[The data — start]

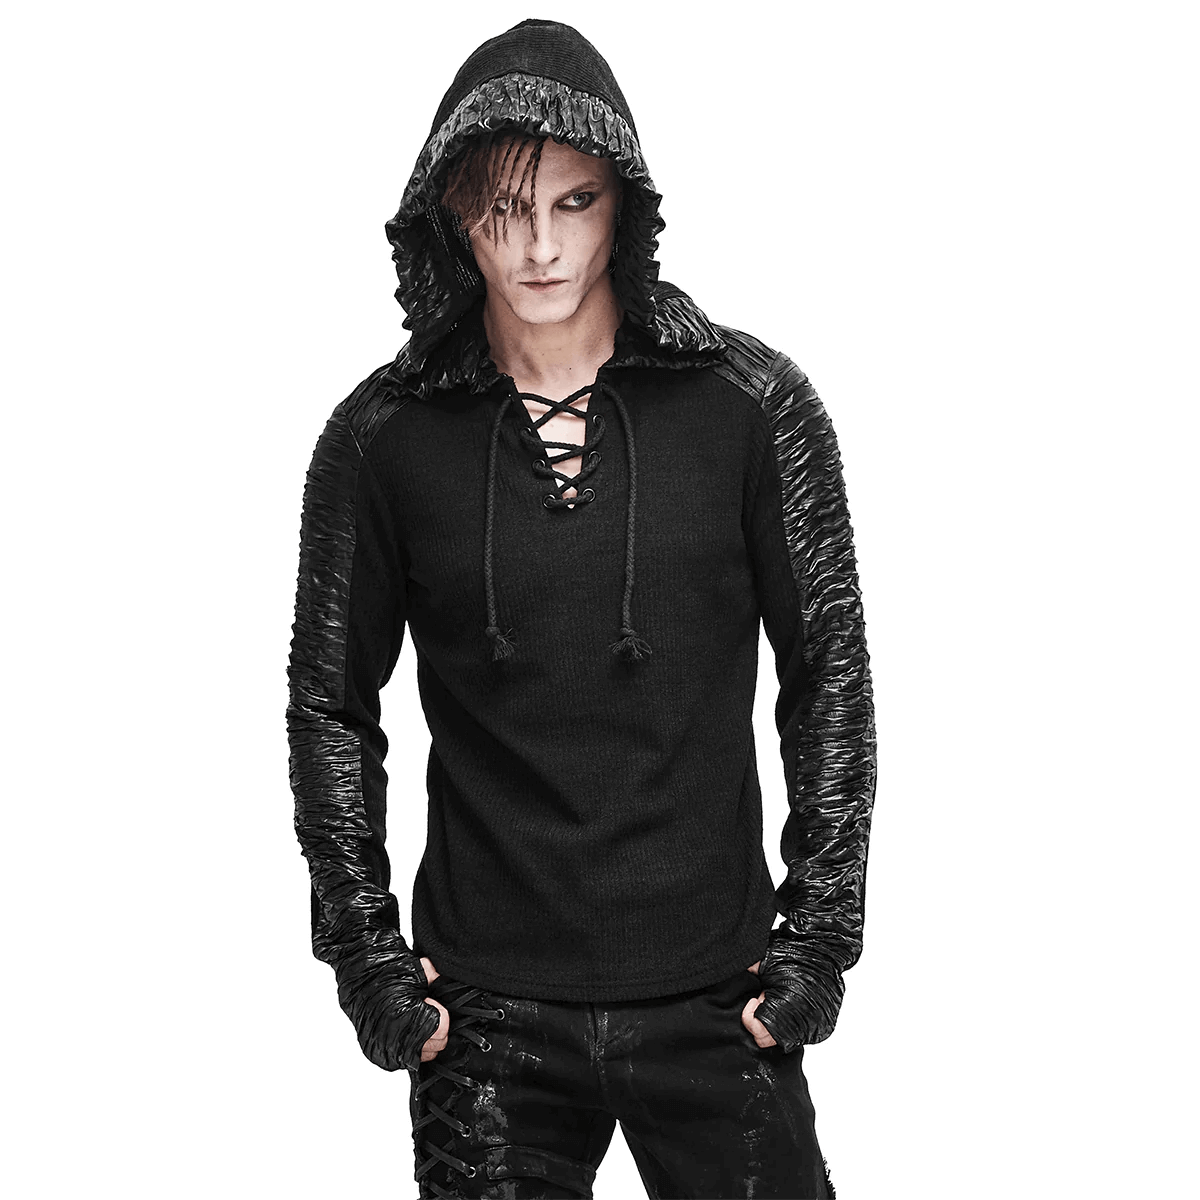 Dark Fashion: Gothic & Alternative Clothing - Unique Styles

[The data — finish]
[The data — start]

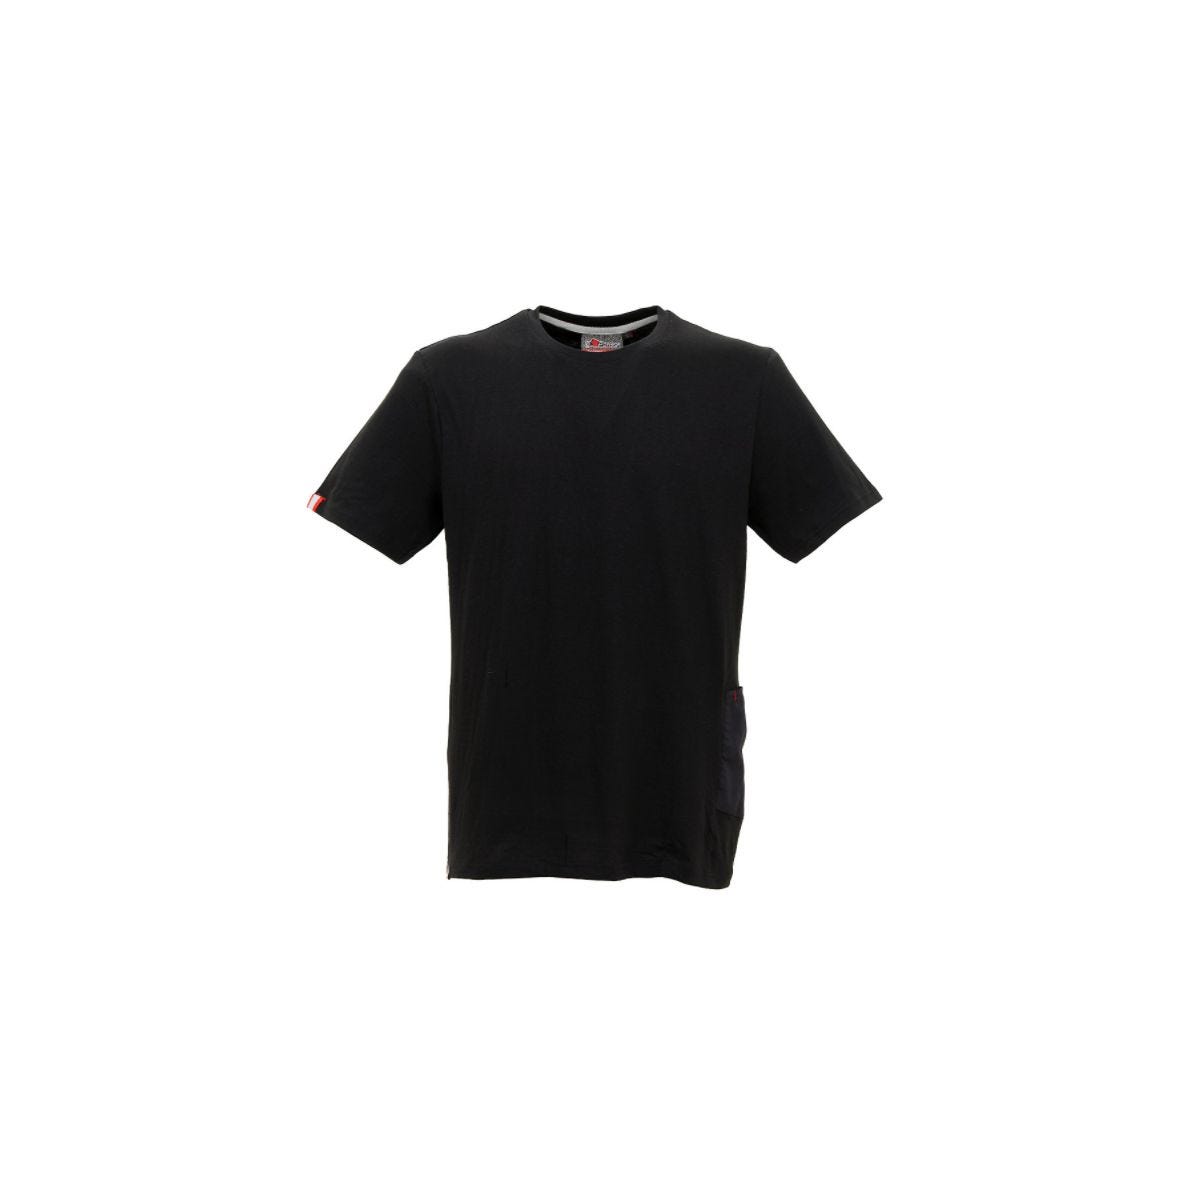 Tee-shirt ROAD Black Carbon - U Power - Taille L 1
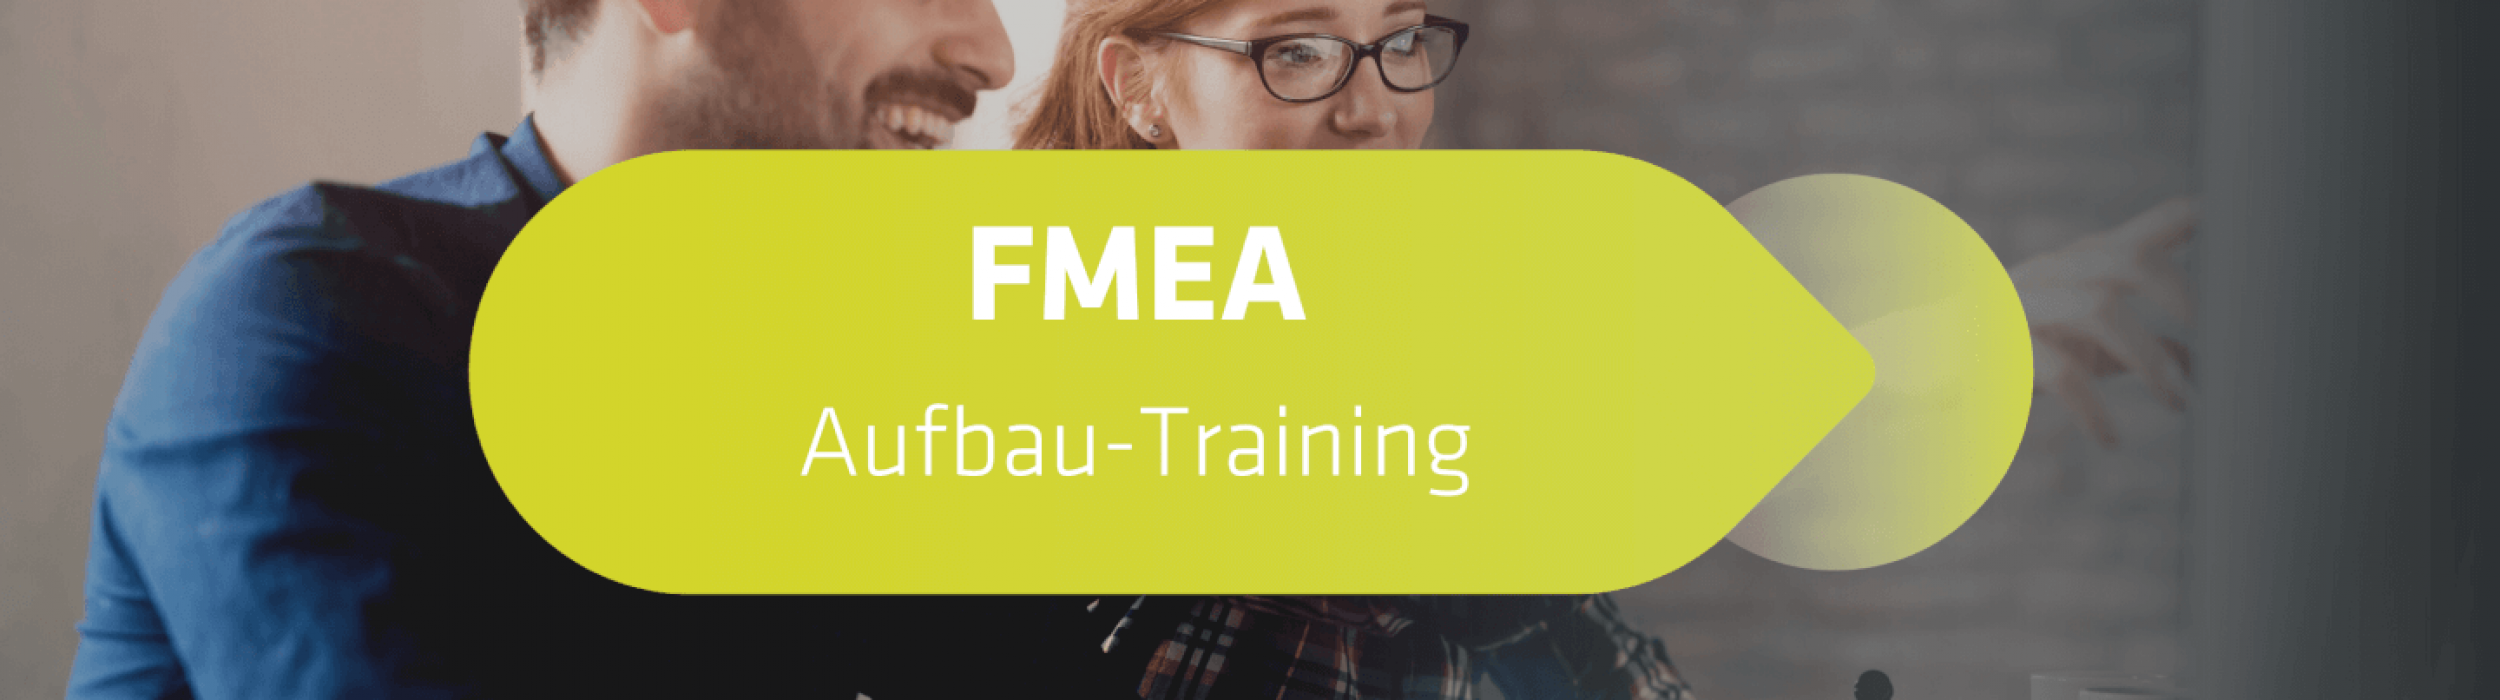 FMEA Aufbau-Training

[The data — finish]
[The data — start]

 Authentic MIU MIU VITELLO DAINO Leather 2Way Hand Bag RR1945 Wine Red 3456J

[The data — finish]

Please return the material above only from the line that holds "Tee-shirt ROAD Black" through the line that holds "FMEA Aufbau-Training", exactly as it stands, ends included and pictures omitted.

 Tee-shirt ROAD Black Carbon - U Power - Taille L 1
 FMEA Aufbau-Training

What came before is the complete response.